[What the exercise asks]
Quote every line below exactly and skip any picture.

[Stored data]
────────────────────

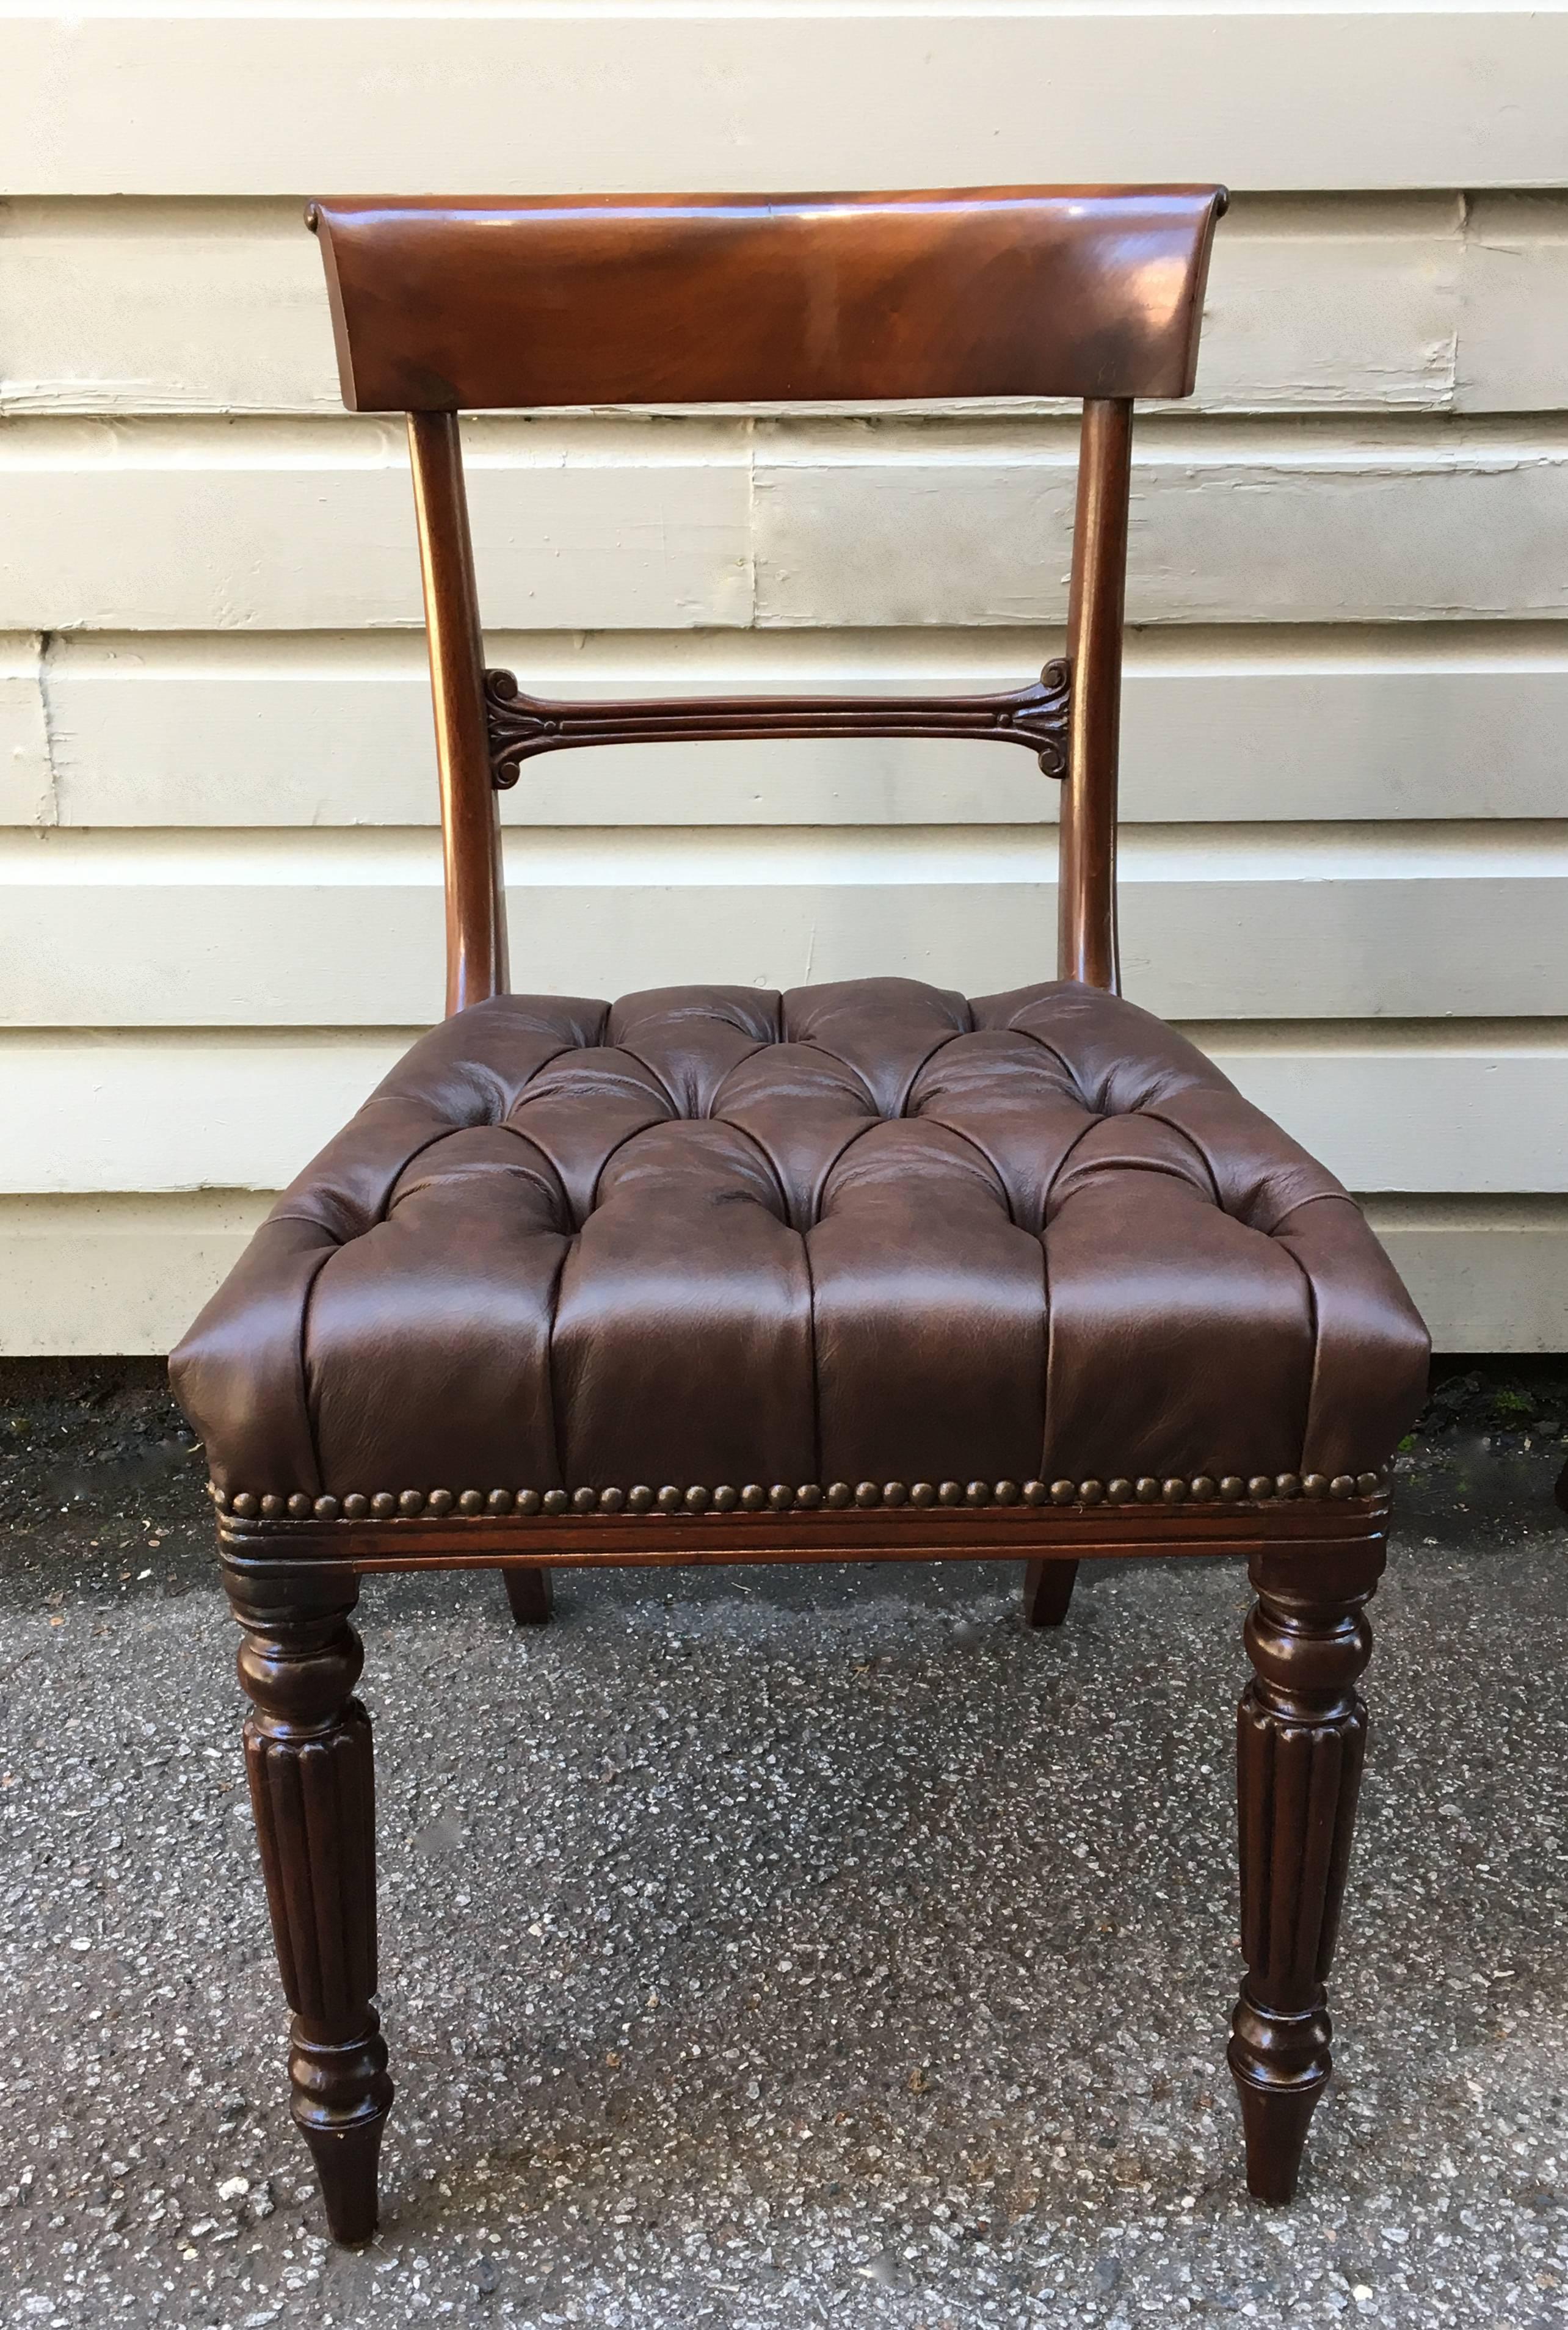 19th Century Philadelphia or Baltimore Neoclassical mahogany and tufted leather chairs. The chairs have beautiful flame mahogany curved backs with reeded center rail and turned legs with stop fluting. 
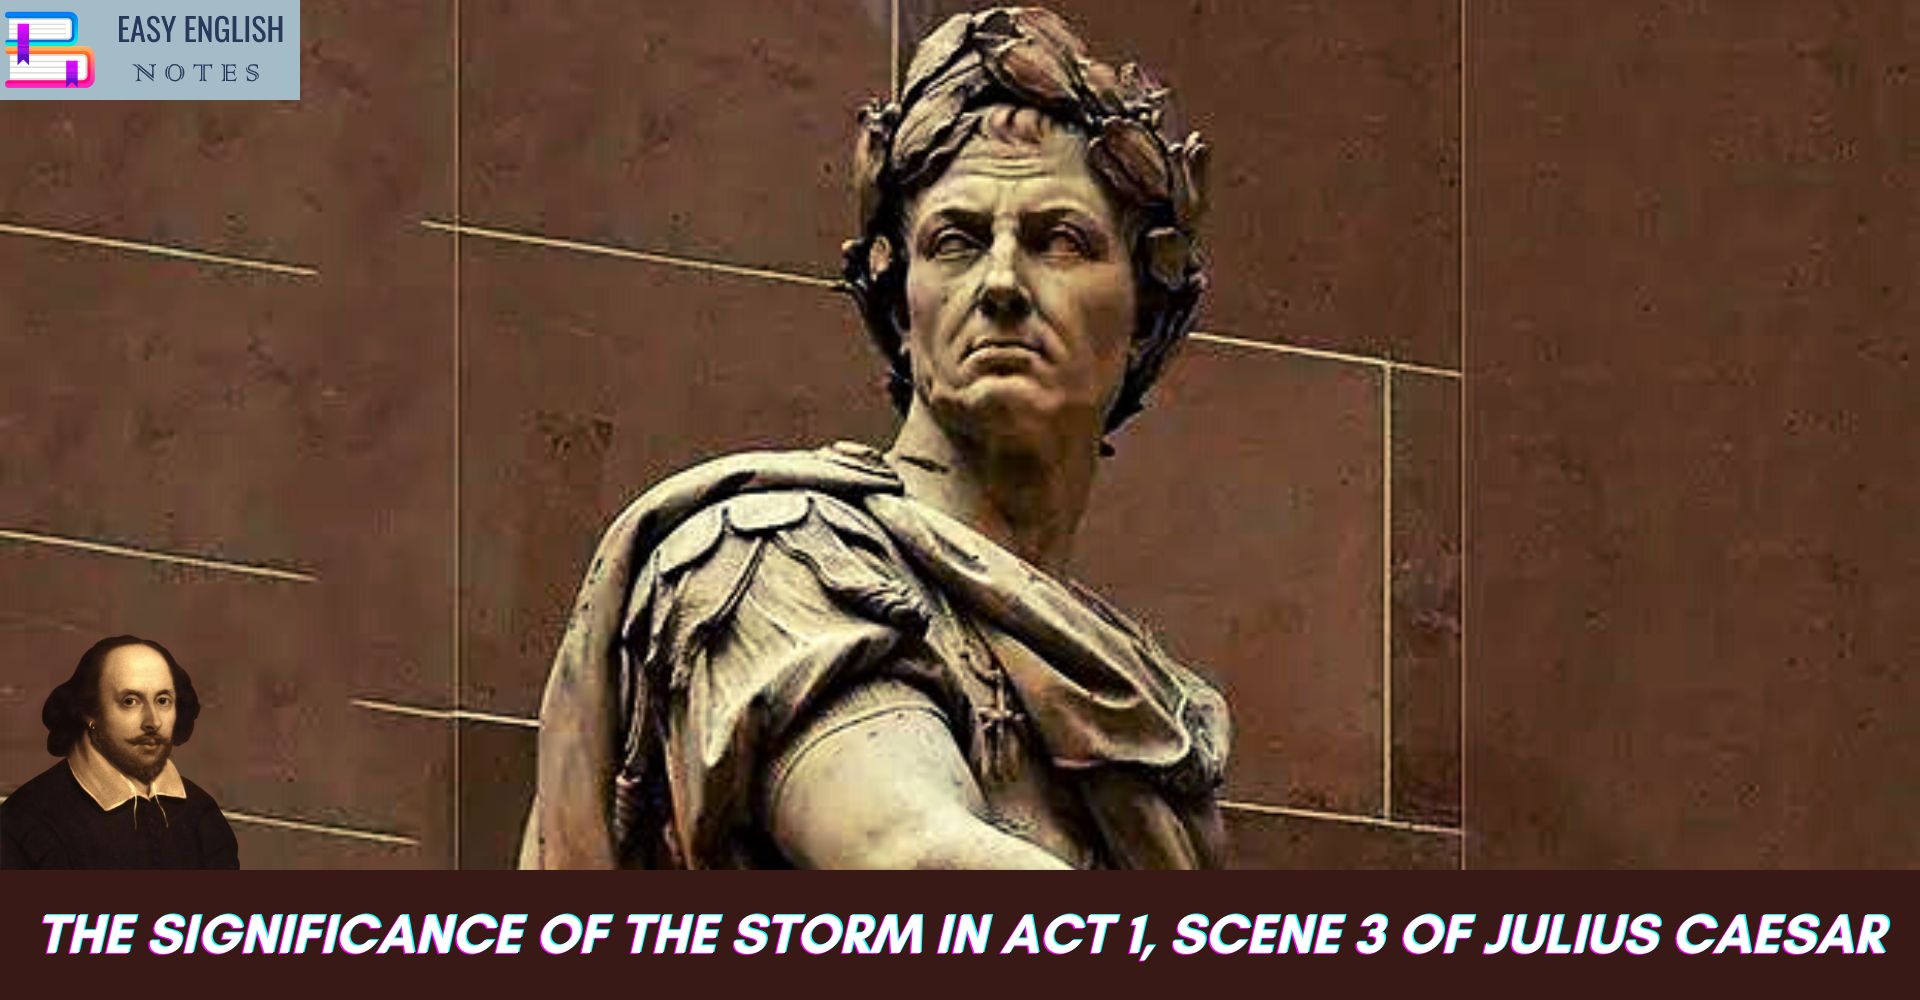 The Significance Of The Storm In Act 1, Scene 3 Of Julius Caesar
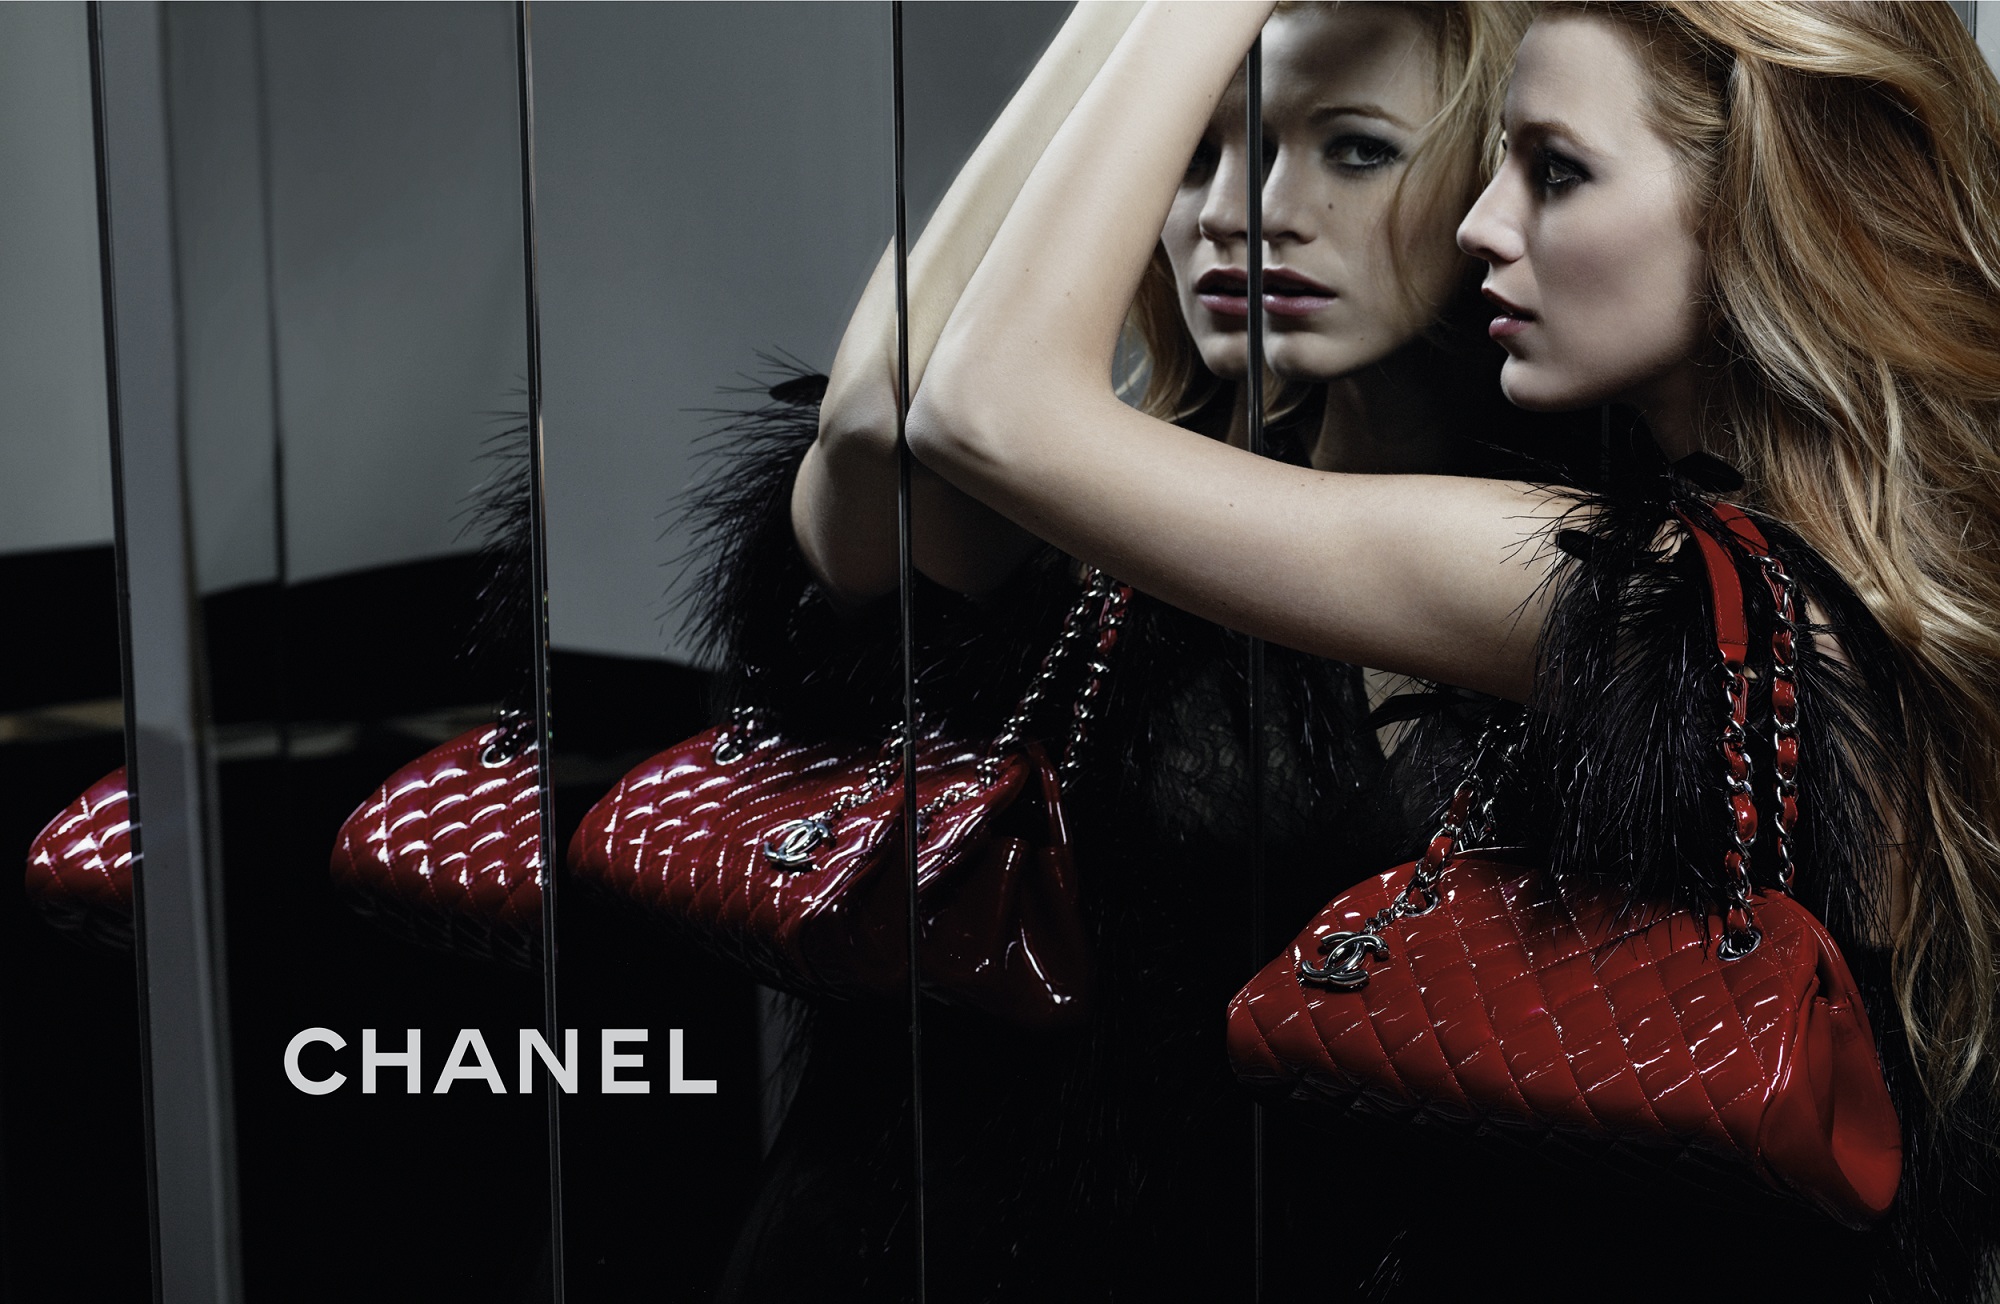 fashion, products, chanel, model, photography wallpaper for mobile
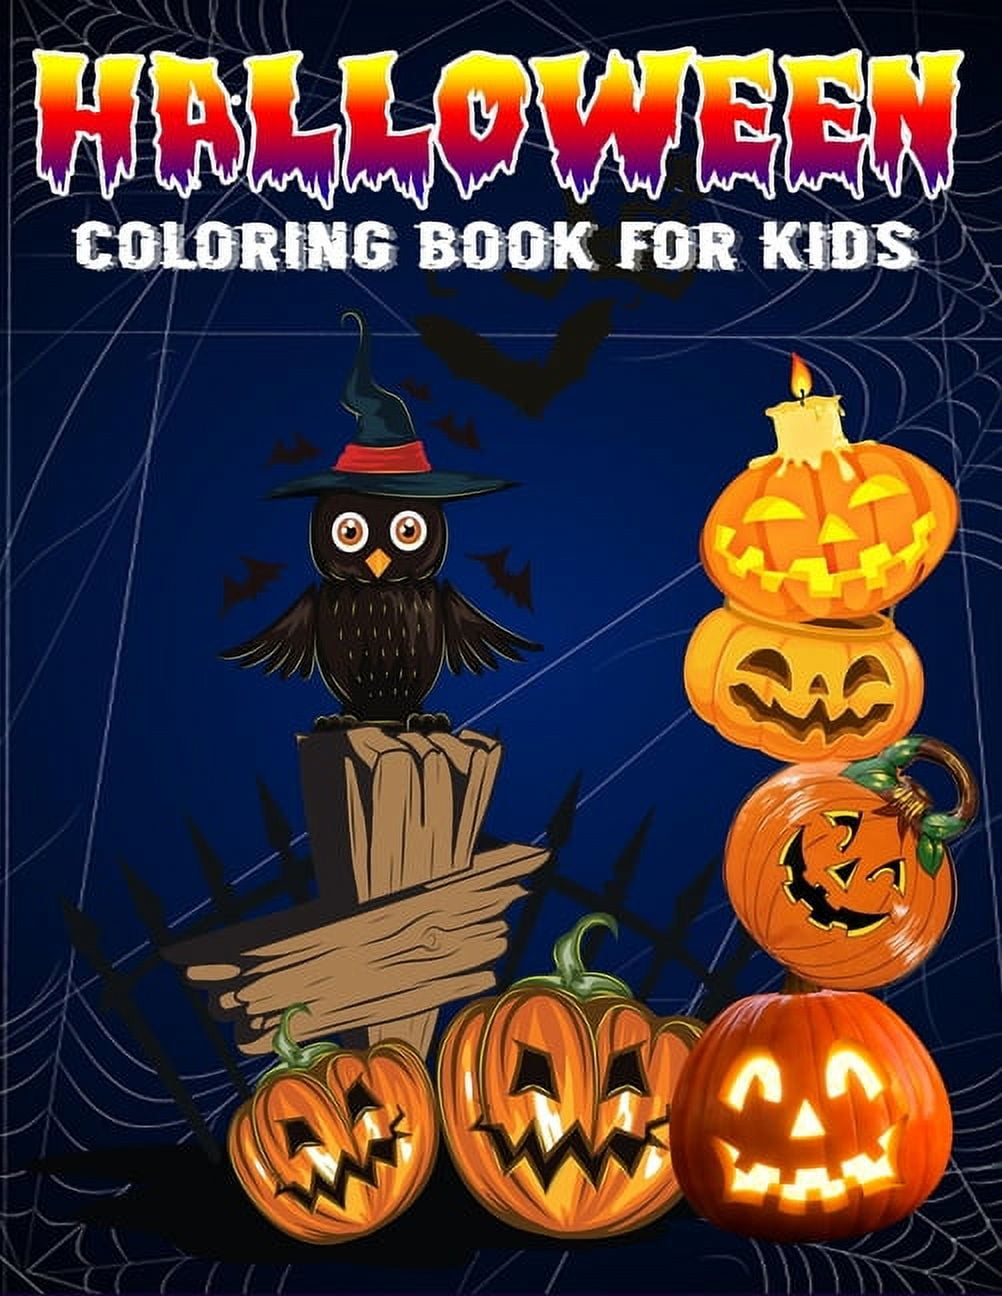 Halloween Coloring Books for Kids, Pack of 20, 5” x 7” Mini

────────────────────

[Exercise output]
 19th Century Philadelphia or Baltimore Neoclassical mahogany and tufted leather chairs. The chairs have beautiful flame mahogany curved backs with reeded center rail and turned legs with stop fluting. 
 The Significance Of The Storm In Act 1, Scene 3 Of Julius Caesar
 fashion, products, chanel, model, photography wallpaper for mobile
 Halloween Coloring Books for Kids, Pack of 20, 5” x 7” Mini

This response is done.